I really want to see more of Jules Dassin’s films, because the few that are available from Criterion right now are so good that I just know that I’ll love the rest of his work. Rififi is considered by many to be his best and it is hard to argue with that. Made in exile in France after being blacklisted in America, this is a very tight heist movie unique in a whole lot of ways. A lot is made about the fact that the entire heist takes up about a third of the film, contains no dialogue or music, and is for the most part pretty silent. It’s an excellent bit of filmmaking, building up plenty of suspense and excitement. But what most people fail to mention is that that third of the film is the MIDDLE third of the film, and seems almost inconsequential to the actual plot and movement of the first and third acts. It’s not inconsequential though, it just seems that way. The real point of the sequence is to show how much effort went into pulling off the perfect heist, and to contrast that with how the perfect heist can fall to pieces by simple human nature. The safe cracker has a weakness for the ladies, which is all it takes to let their enemies in on the fact that they were the ones who pulled off the heist. What precedes and follows the heist is gritty film noir leagues above most others.

(MUST SEE)

——Made In Britain (1982)——

Alan Clarke is an English filmmaker who made very gritty films about youth in Margaret Thatcher’s UK, this being one such film about a young neo-nazi punk played by Tim Roth. Trevor is constantly in trouble, in a youth detention center, and well on his way to prison as an adult. Here’s a good quote from the back of the DVD box: “This is the unsparing portrait of youth fueled by rage and hate prowling an empire ruled by repression and despair.” That’s a pretty accurate depiction of what this movie is like. The writing is very tight and almost stage-like and the acting is dead on from Tim Roth. We don’t necessarily like or agree with where Trevor is coming from, but we do sympathize with his surprisingly eloquent observations of an inhuman world.

(SEE)

——Heathers (1988)——

Heathers has become its own term for a genre in pop culture terminology for a black high school comedy, and watching this for the first time the other night I can definitely see why. This is a devilishly good low budget comedy. You can see all the roots of Tina Fey’s Mean Girls in this film. And I’m sorry Clancy for saying that I was constantly reminded of you whenever I saw Christian Slater’s character on screen.

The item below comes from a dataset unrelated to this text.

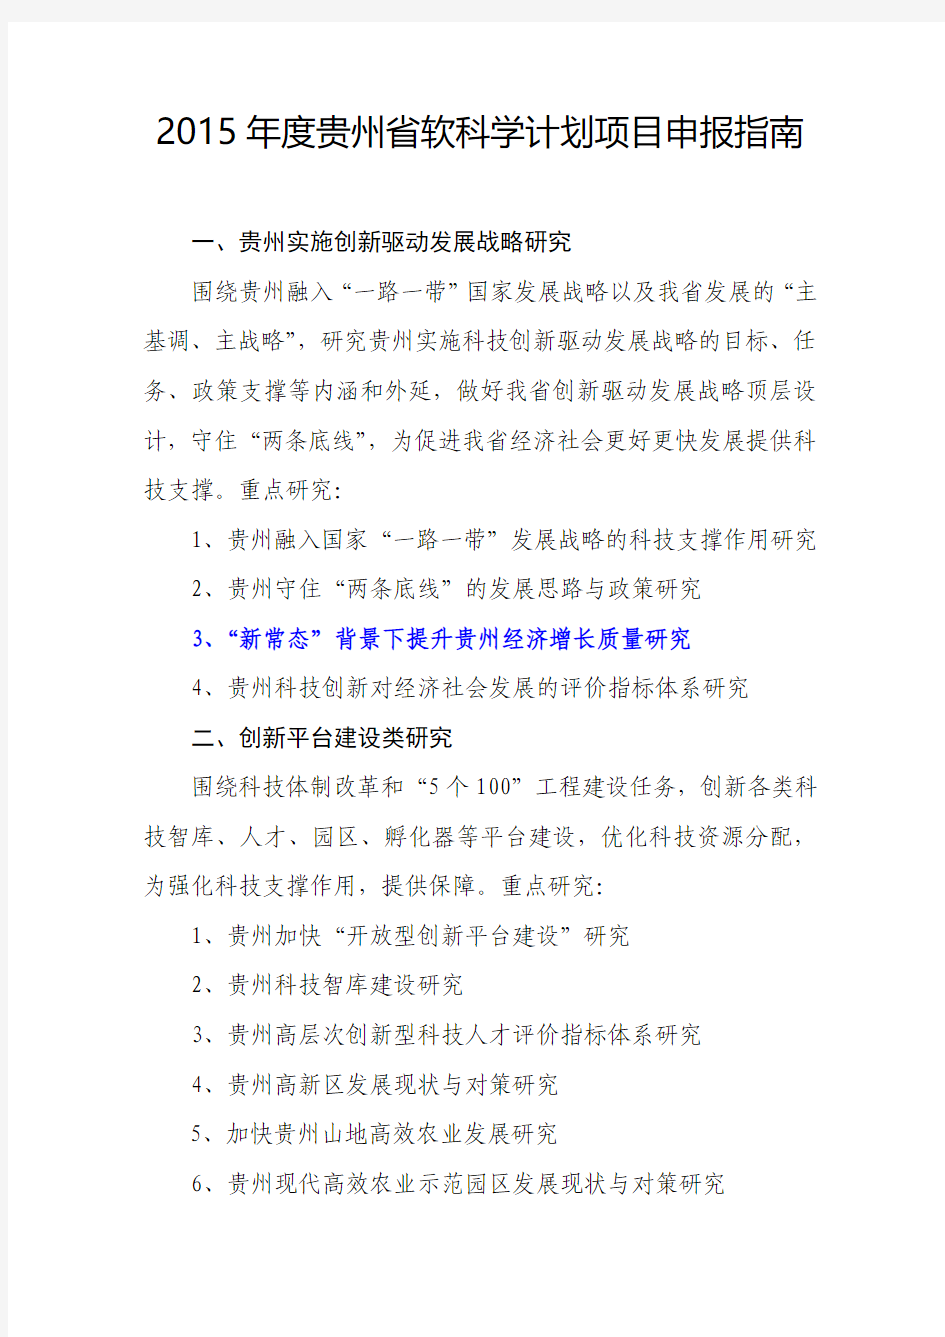 2015年贵州省软科学计划项目申报指南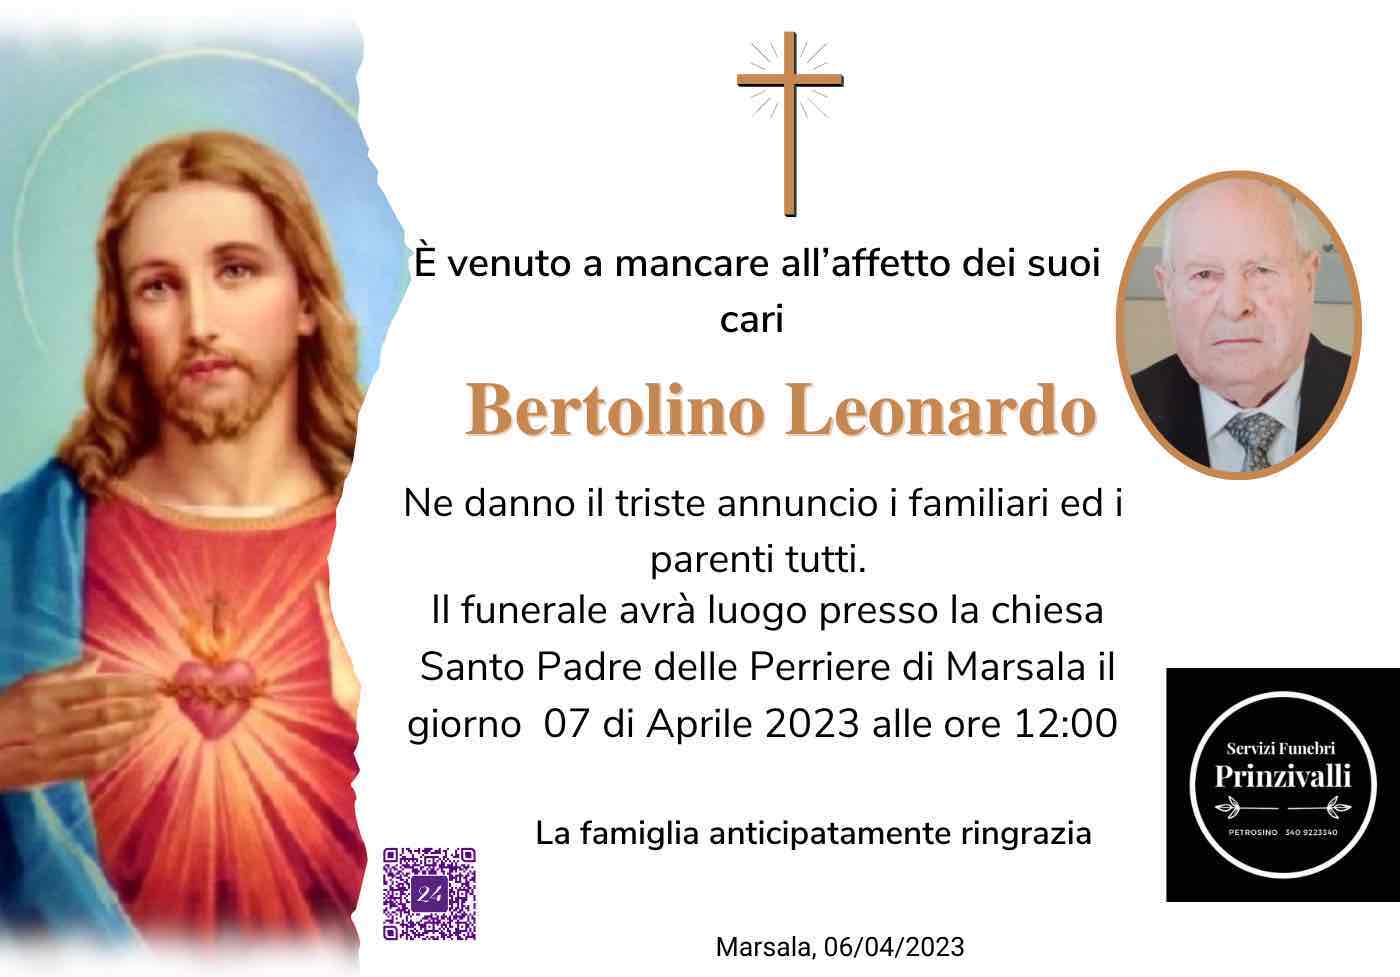 Leonardo Bertolino

Winona Ryder is the hero of this tale, as a girl who wants to be popular and joins the most popular click in the school: The Heathers. Yep, three girls, all named Heather. It becomes very quickly apparent that the lead Heather is a massive bitch. Meanwhile, Ryder starts a relationship with the new kid played by Slater. He seems very cool at first, but then stages an “accidental” suicide for the main Heather that throws events into motion that throw into light the fact that Slater is very obsessed with teenage suicide. Ryder gets roped in and wants out, and the film goes off from there.

This movie is very funny, very black, and has a whole lot of social satire thrown in. The movie has lots of classic lines that I’m sure are repeated endlessly by the fans of this film, as well as probably myself, after seeing the movie another couple times. Any fans of the high school satire should definitely go out and find this movie.

(MUST SEE)

——Death Walks at Midnight (1972)——

The boxset for this is actually pretty cool. Two films, great packaging, nice booklet, a bonus CD of various Italian giallo soundtrack songs. The director, Luciano Ercoli, shows some ability with the camera, composing a couple very interesting shots. The action sequence on the roof at the end of the film is very well done (probably the only redeemable part of the film) and reminded me a bit of the end of Ichi the Killer. But other than that, this is definitely a dud, not worth wasting much time on (for you watching it or me writing about it).

(MISS)

(March 7)

——16 Blocks (2006)——

I love Bruce Willis. The man just knows how to carry a movie, even when he is only a supporting character. I was pleasantly surprised by just how good this movie was. I liked the premise when I saw the trailer, but never thought the film could pull it all together like it did. Amen. God loves small genre films that can pull it all together.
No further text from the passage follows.